## What this task involves
One range is to be output from the listing below, exactly as written: the line with "Hugo Boss Woman" to the line with "Kyrial Display Pro Black Italic image", both kept.

## Record extracts
((
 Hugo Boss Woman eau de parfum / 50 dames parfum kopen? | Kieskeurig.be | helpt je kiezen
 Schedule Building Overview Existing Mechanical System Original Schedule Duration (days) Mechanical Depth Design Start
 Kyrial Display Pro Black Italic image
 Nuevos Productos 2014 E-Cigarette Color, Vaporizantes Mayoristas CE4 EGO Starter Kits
))
((
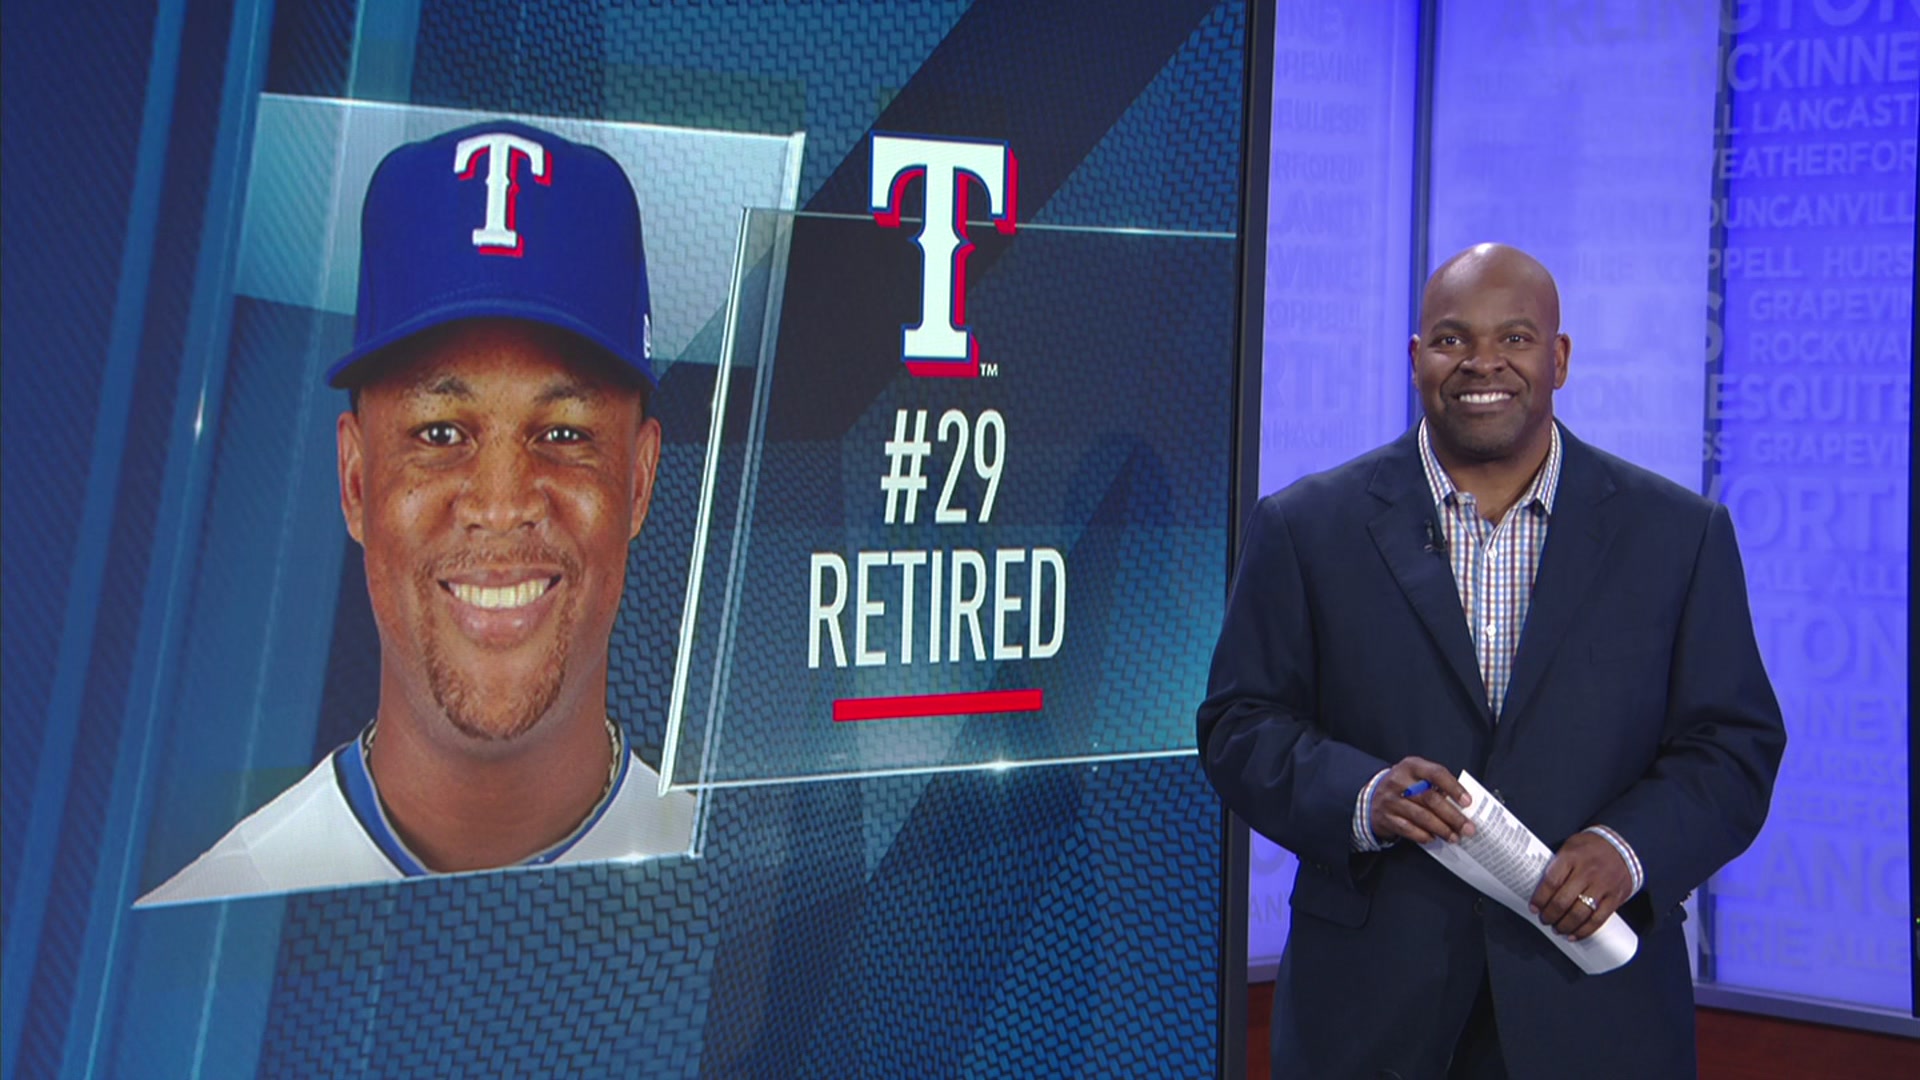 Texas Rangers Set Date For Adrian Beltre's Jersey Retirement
))
## Exercise answer
 Hugo Boss Woman eau de parfum / 50 dames parfum kopen? | Kieskeurig.be | helpt je kiezen
 Schedule Building Overview Existing Mechanical System Original Schedule Duration (days) Mechanical Depth Design Start
 Kyrial Display Pro Black Italic image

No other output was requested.